I am trying to show the following result.
Let $X_1, \ldots,X_n$ be independent random variables with the common density $f$ and distribution function $F$. If $X$ is the smallest and $Y$ the largest among them, the joint density of the pair $(X, Y)$ for $y>x$ is given by $n(n-1)f(x)f(y)[F(y)-F(x)]^{n-2}$
Some thoughts towards a partial solution
Attempt 1:
Given they all share the same density, the Joint density can be calculated as $f_{X,Y}( x,y) = f_{Y\mid X}( y\mid x) f( x) = f_{X\mid Y}( x\mid y) f( y)$
So we can choose $x$ in $n$ ways and fixing $x$, we can pick the maximum random variable as $C_{1}^{n-1} = (n-1)$ so this explains $n(n-1)f(x)f(y)$ part but i am unsure why we have the difference of the distribution functions of the $y$ and $x$ times $(n-2)$. i know we have $n-2$ variables to still account for and they are being integrated out. Hence we should have $(n-2)$ terms but why the difference ?

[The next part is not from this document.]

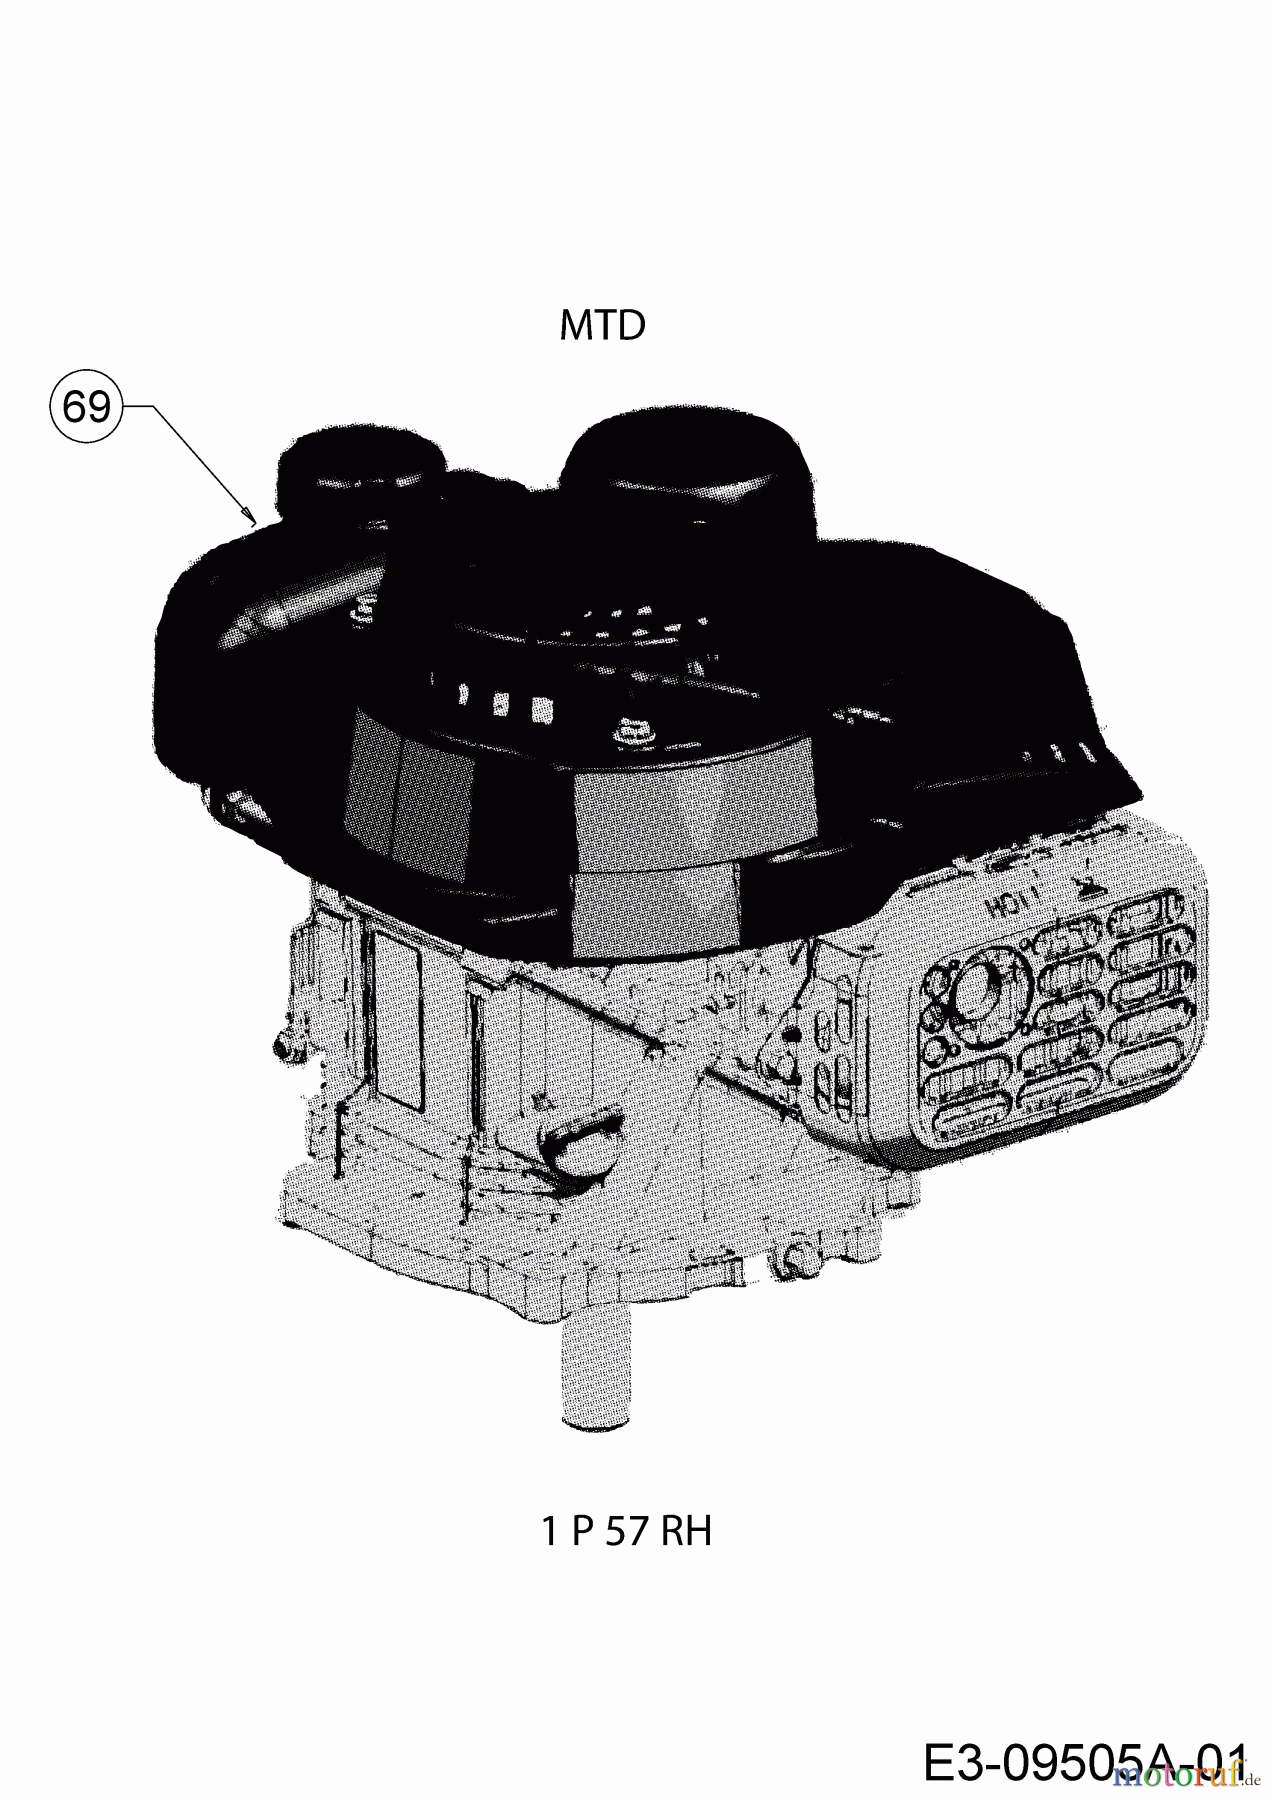  MTD Petrol mower self propelled SP 46 T 12E-TASJ600  (2020) Engine MTD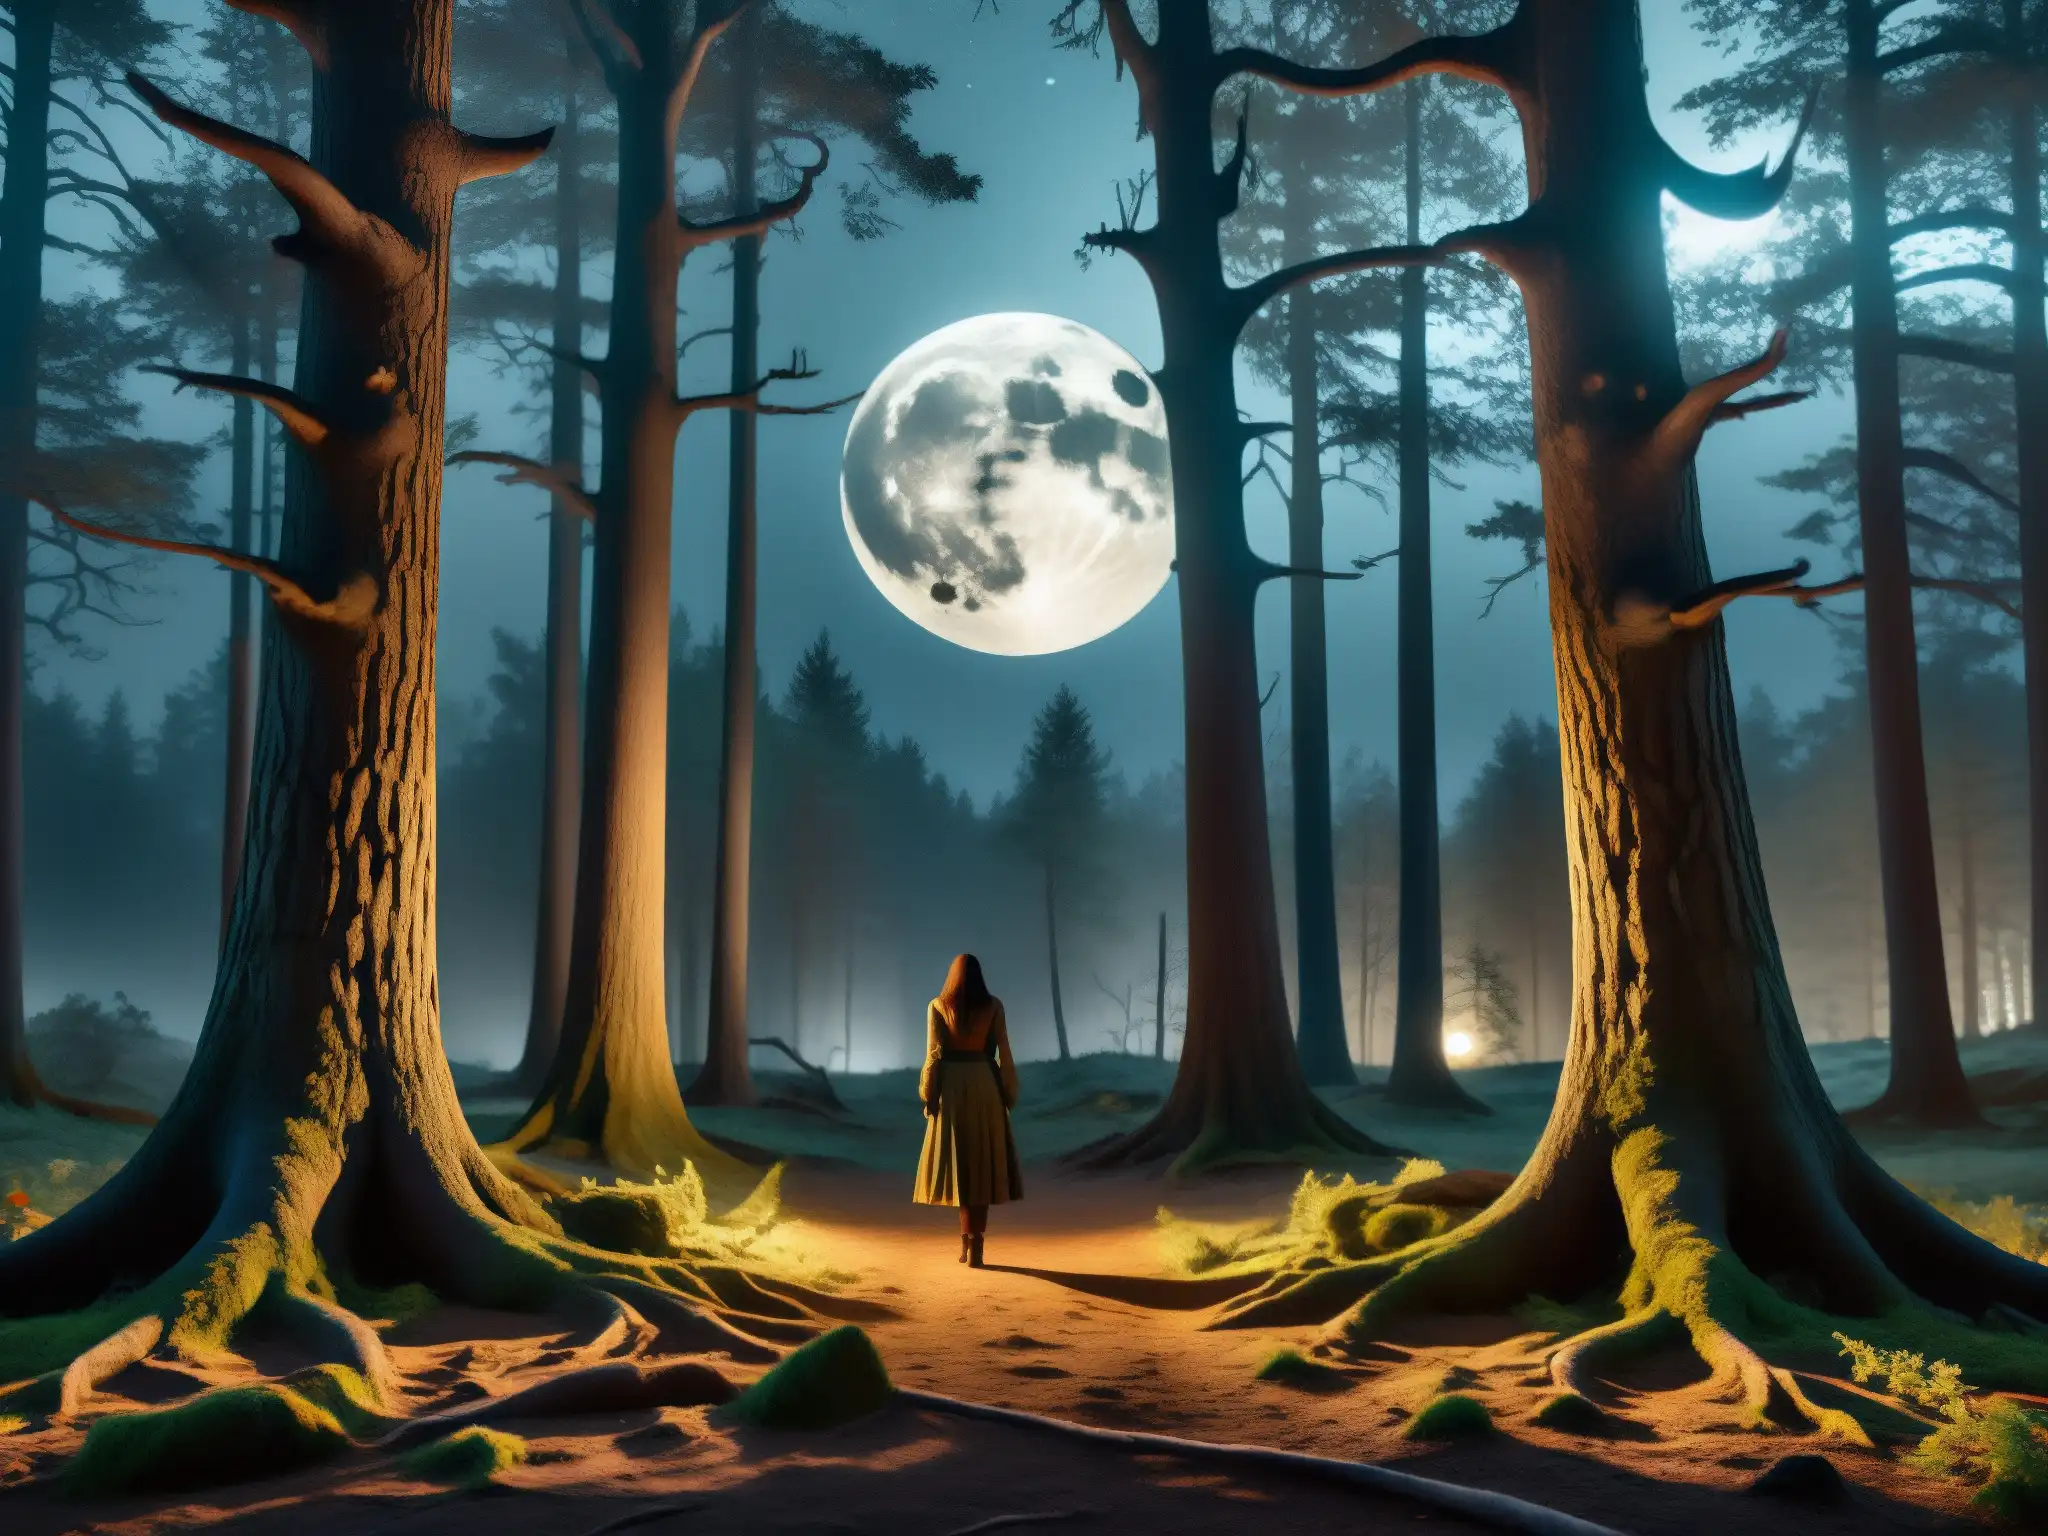 Un bosque nocturno iluminado por la luna, con árboles retorcidos y una atmósfera misteriosa y cautivadora

Attempt 2: The sample space corresponding to $X_1, \ldots,X_n$ is the $n$-dimensional hypercube $\Gamma $ defined by $x_k=f$ and the probabilities equal the $n$-dimensional volume. The natural sample space with the $X_k$ as coordinate variables is the subset $\Omega$ of $\Gamma$ containing all points such that $x_1\leq \cdots \leq x_n$. The hypercube contains $n!$ congruent replicas of the set $\Omega$ and in each the ordered $n$-tuple $(X_1,\ldots,X_n)$ coincides with a fixed permutation of $X_1,\ldots, X_n$.
I am not sure i am getting anywhere with these thoughts. Any help would be much appreciated.